I use my two ROS often. They remove material fast and provide fine finishes. I buy ones with variable speed capability for the increased versatility. They can be used to polish and sand. I don't use them for fine detail work around curves and such, because they act somewhat like gyroscopes, so are harder to control than an orbital sander..

As noted, the quarter sheet sanders are good for sanding operations that require a lot of movement across other than flat surfaces. Too, they will get pretty close to inside corners, but wont quite reach the full ninety degree edge.

For tight, inside corners and unique shapes a ROS cannot get near and a quarter sheet sander wont quite reach, I use my FEIN Multimaster. Of course, there are some good knock-offs of the FEIN tool these days.

Based on my hours of experience, a quarter sheet sander remains essential for anyone planning on addressing a variety of sanding situations. If scratch patterns are a problem, finer grit paper should remedy the problem. Of course, having a ROS, a belt sander and a detail sander would be no less essential to that collection.


----------



## Virterm (Nov 17, 2017)

I am getting my first sander and I can either get a Dewalt 6423 (variable speed ROS) or a kit containing Dewalt 6421 ROS and Dewalt 1/4 sheet palm sender for the same price. Which option would you recommend? How often would you use/benefit from variable speed?


----------



## richardchaos (May 12, 2017)

I went through this dilemma as well. Had a DeWalt 1/4 sheet sander for over 5 years. Loved it.

But the ole girl gave up the ghost

Home Cheapo had a sale on DeWalt ROS but I was torn but got the ORS anyways. I loved it even more. it was more aggressive.

BUT I did love how cheap it was to run the 1/4 see we all have years supplies of 8.5×11 sandpaper piled up and buying expensive velcro backed 5-8 hole round pieces of paper did up the costs.

It is a pain to not be able to get into the corners and tight spots like the 1/4 sheet one can.
I am lucky enough to have BOTH now and I will tell you this.

After I bought a new 1/4 sheet sander I have have nearly used it.

I would go for the ROS

BUT I would get the Variable speed version if you can


----------



## Tennessee (Jul 8, 2011)

The first day I held and sanded with a ROS, I asked myself "Where has this tool been all my life?"

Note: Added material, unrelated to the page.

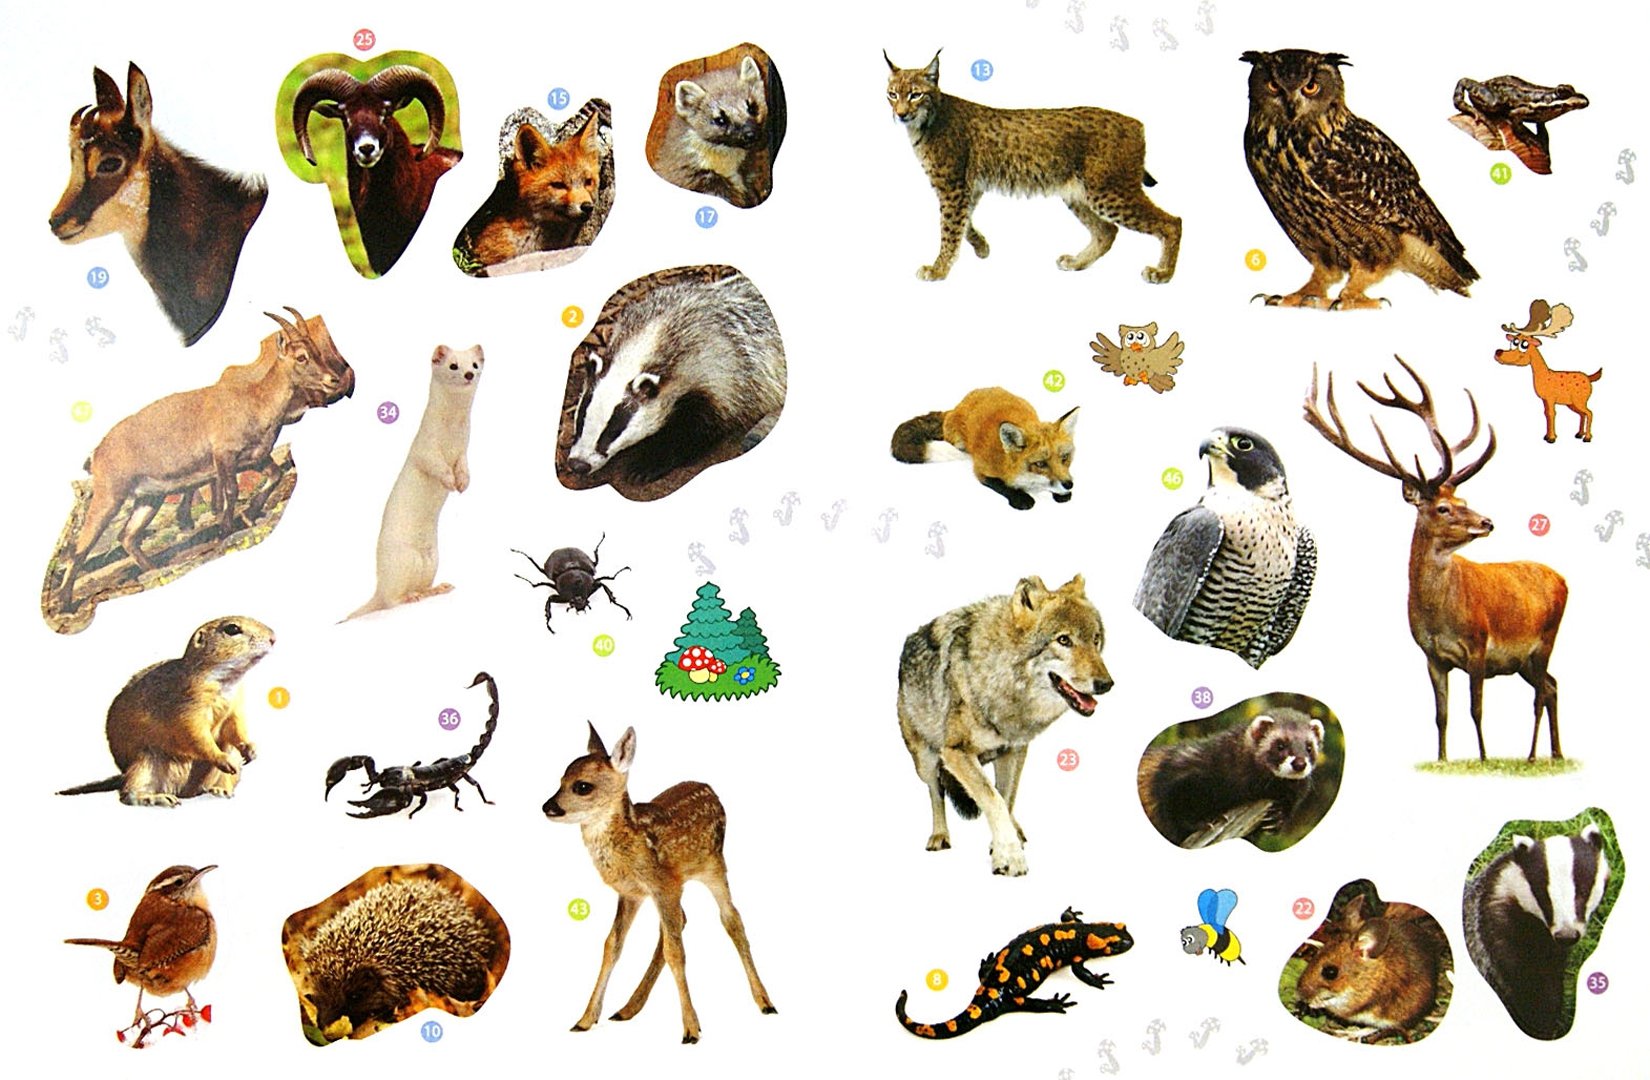 картинки диких животных россии

Compared to the small scratches left behind by most 1/4 sheet palm sanders, the ROS is head and shoulders above in leaving a much better finish. I don't even own a 1/4 sheet sander anymore, and garaged sale my last one many years ago.


----------



## bandit571 (Jan 20, 2011)

About the ONLY thing a ROS can not do….sand into corners…....without messing things up. Which is why I use a 1/4 sheet sander….


----------